I can show that, if $x = p^kh$ where $h$ and $p$ are relatively prime, then $h$ can have only prime factors less than $p$ and that many values of $p$ have no solutions.

In particular, the only solutions for a prime of the form $p=2^a3^b+1$ are $p=3$ with $x = 2^m3^n$.

More generally, it depends on finding a set of primes $Q$ such that $p-1 =\prod_{q \in Q} \frac{q}{q-1} $. I can find all possible primes in $Q$ for any particular $p$, but not for all $p$.

Here's what I have got:

I assume that $p$ is odd, so $p = 2^ab+1$ where $a, b \in \mathbb{N}$ and $b$ is odd.

Let $x=p^kh$ with $k\in\mathbb Z_{\ge 0}$, $h\in\mathbb Z_{\ge 1}$, and $(p, h) = 1$.

$p\phi(x)=x$ implies $k\ge 1$, so $\phi(p^kh)=p^{k-1}h$.

Now use the multiplicativity of the $\phi$ function and the fact that $\phi(p^k) =p^{k-1}(p-1) $:

$p^{k-1}h =\phi(p^{k})\phi(h) =p^{k-1}(p-1)\phi(h) $, or $h =(p-1)\phi(h) $, so that $p-1 =\frac{h}{\phi(h)} =\prod_{q | h} \frac{q}{q-1} $.

Let $q$ be the largest prime factor of $h$. Then $q | (p-1)$ (because it can not be cancelled out by any of the smaller primes). Since $p = 2^ab+1$ where $b$ is odd and $a \ge 1$, then $q | 2^ab$. In particular, $q \le \max(2, b)$, so there are only a finite number of primes (those $\le \max(2, b)$) that can divide $h$.

If $q = 2$, then $h = 2^m$ for some $m$, so $p-1 = \frac{h}{\phi(h)} = \frac{2^m}{2^{m-1}} =2 $ or $p = 3$.

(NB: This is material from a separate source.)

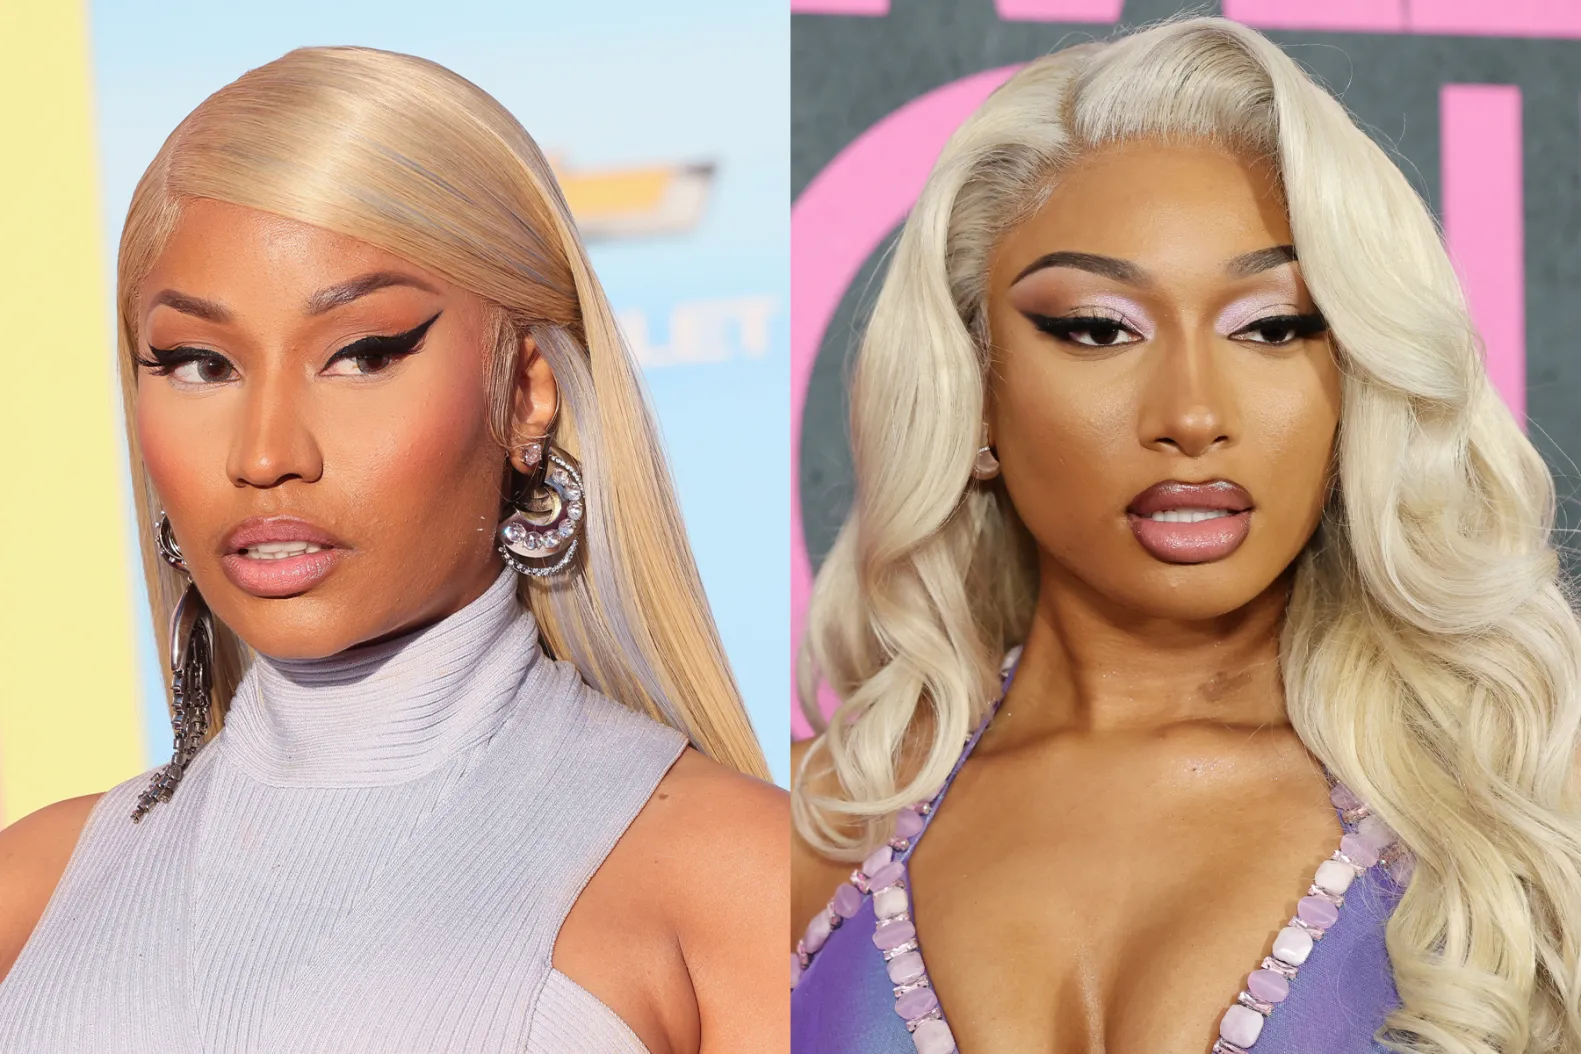 Nicki Minaj fires back at Megan Thee Stallion after apparent diss on new song ‘Hiss’

To check, if $x = 2^m 3^j$, $\phi(x) =\phi(2^m)\phi(3^j) =2^{m-1}2\,3^{j-1} =2^m3^{j-1} =\frac{x}{3} $.

If $q = 3$, then the possible primes dividing $h$ are $2$ and $3$, so $x = p^k2^u$, $x = p^k3^u$, or $x = p^k2^u3^v$.

If $x = p^k2^u$, $\phi(x) =(p-1)p^{k-1}2^{u-1} =\frac{p-1}{2}p^{k-1}2^{u} =\frac{p-1}{2}\frac{x}{p} $, which only works if $p=3$ as shown previously.

If $x = p^k3^u$, $\phi(x) =(p-1)p^{k-1}2\,3^{u-1} =\frac{2(p-1)}{3}p^{k-1}3^{u} =\frac{2(p-1)}{3}\frac{x}{p} $, which never works since it needs $2(p-1) = 3$.

If $x = p^k2^u3^v$, $\phi(x) =(p-1)p^{k-1}2^{u-1}2\,3^{v-1} =\frac{2(p-1)}{6}p^{k-1}2^{u}3^v =\frac{p-1}{3}\frac{x}{p} $, which never works.

Solution 1:

$\varphi(x)|x$ if and only if $x=2^a3^b$ with $a>0$. From here it is clear if $p\varphi(x)=x$ then $p=2$ or $p=3$, to be precise, if $b>0$ we have $p=3$ and otherwise $p=2$.

For a proof of the previous, clearly $x$ must be even, if $x$ has two or more odd prime factors we get $v_2(\varphi(x))>v_2(x)$. So $x=2^ap^b$, from here $\varphi(x)=2^{a-1}(p-1)p^b$, which gives $(p-1)|2$. So $p=3$.